PG&E has cycled through five CEOs during the past 20 years, in which time it filed twice for chapter 11 bankruptcy protection. The company is on federal probation after being convicted on felony charges of violating federal pipeline safety laws. It is one of the few American companies ever to have been convicted of homicide, after pleading guilty to 84 counts of involuntary manslaughter for its role in igniting the 2018 Camp Fire that destroyed the town of Paradise, Calif. A California prosecutor recently filed new involuntary-manslaughter charges against PG&E for its role in sparking a wildfire near the Oregon border that killed four people last year, and the company disclosed this week that it has received a subpoena from federal prosecutors for documents related to the fire that ignited in July.
Meanwhile, California is struggling through a crippling drought that scientists say has been exacerbated by climate change. Tens of millions of trees throughout the company’s Northern California service territory are dead or dying, increasing the risk of rapid fire spread when power lines spark.
Ms. Poppe got a firsthand look at those risks in July, when a Douglas fir tree tipped onto a small power line running through Feather River Canyon in the Sierra Nevada foothills near Chico. A blaze ignited beneath it and exploded to consume nearly a million acres.
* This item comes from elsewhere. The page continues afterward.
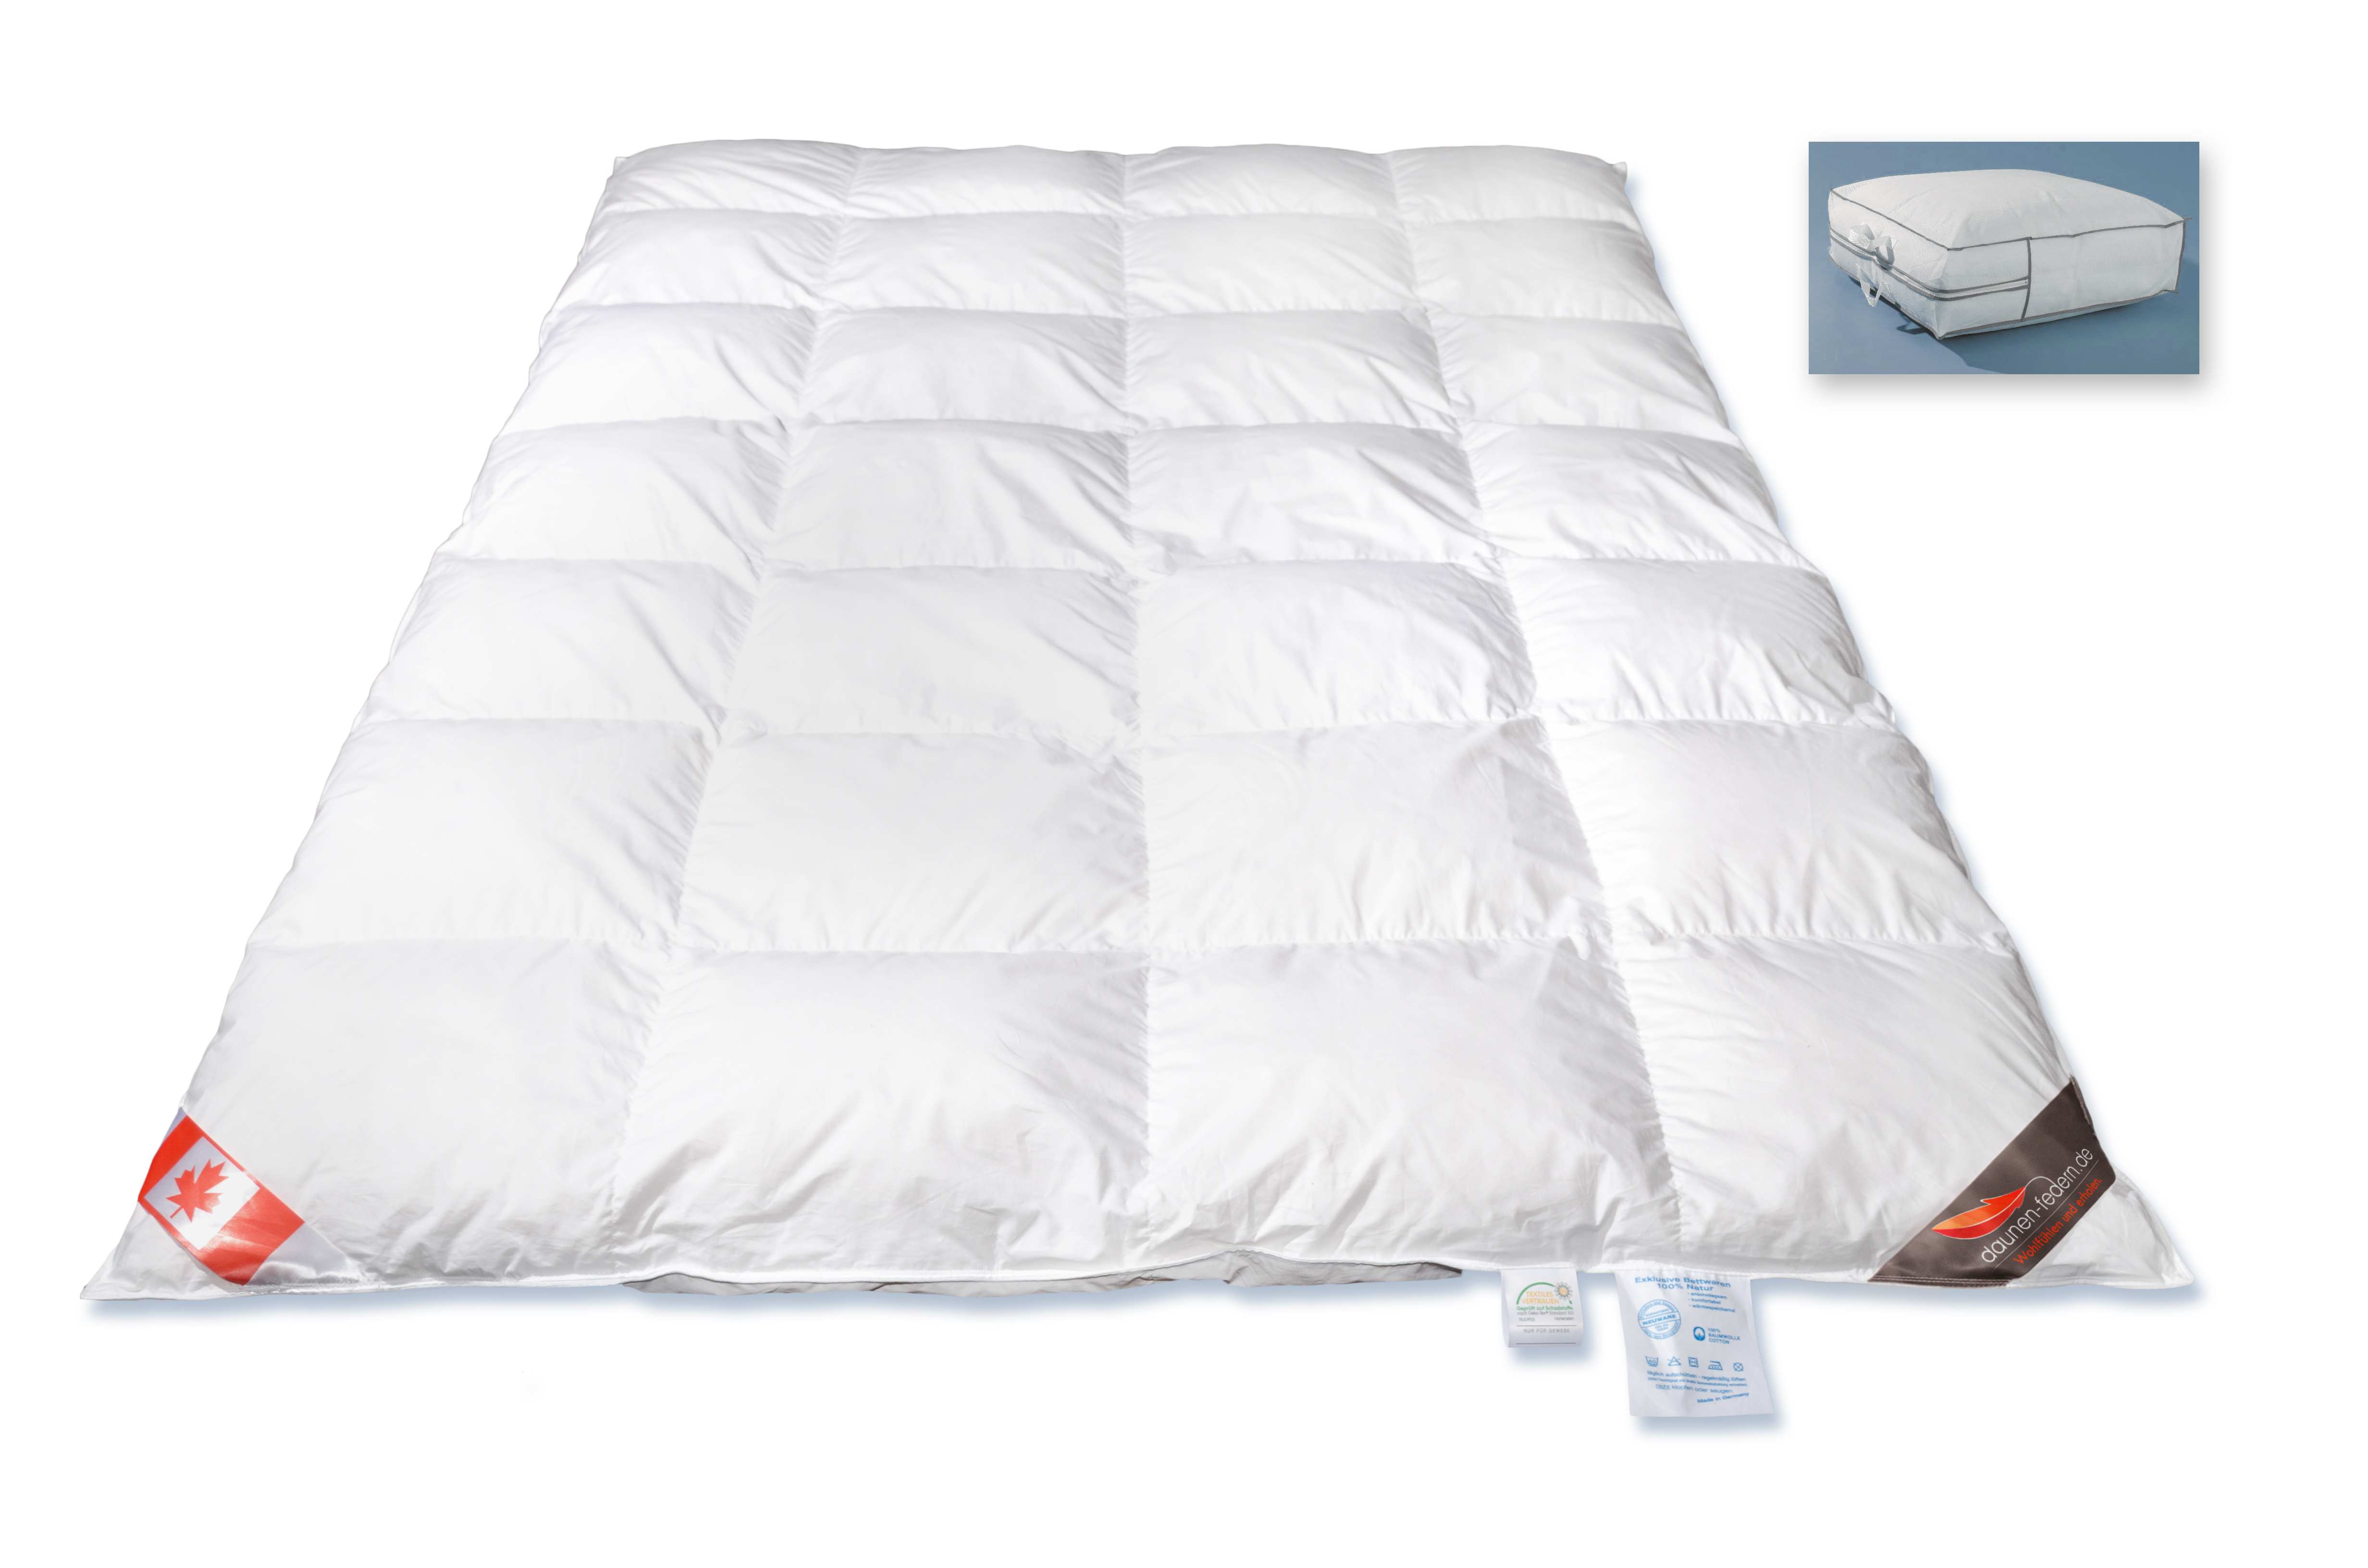 winter bettdecke 155x220 100 kanada g nsedaunen. Black Bedroom Furniture Sets. Home Design Ideas

Investigators are still probing what became known as the Dixie Fire, but PG&E has acknowledged that it likely started when the tree touched its electric wire. The company has struggled for years to clear its power lines of trees, the most common cause of major fires sparked by its equipment.
The Dixie Fire had started just miles from Paradise, a remote town still rebuilding after the Camp Fire, which was sparked by an aging PG&E transmission line. Upon learning what had happened, Ms. Poppe decided it was time to reveal the plan to underground a swath of the system. A month earlier in June, PG&E had held an internal workshop where employees across multiple divisions brainstormed what it would take to execute such an effort, Ms. Poppe said.
But the company hasn’t yet formulated enough detail to submit a plan to the California Public Utilities Commission, where it is now seeking permission to substantially raise rates—already among the highest in the U.S.—to fund other major safety investments. The announcement also came as a surprise to those within the agency, none of whom had a substantive conversation with PG&E about the plan beforehand, a spokeswoman said.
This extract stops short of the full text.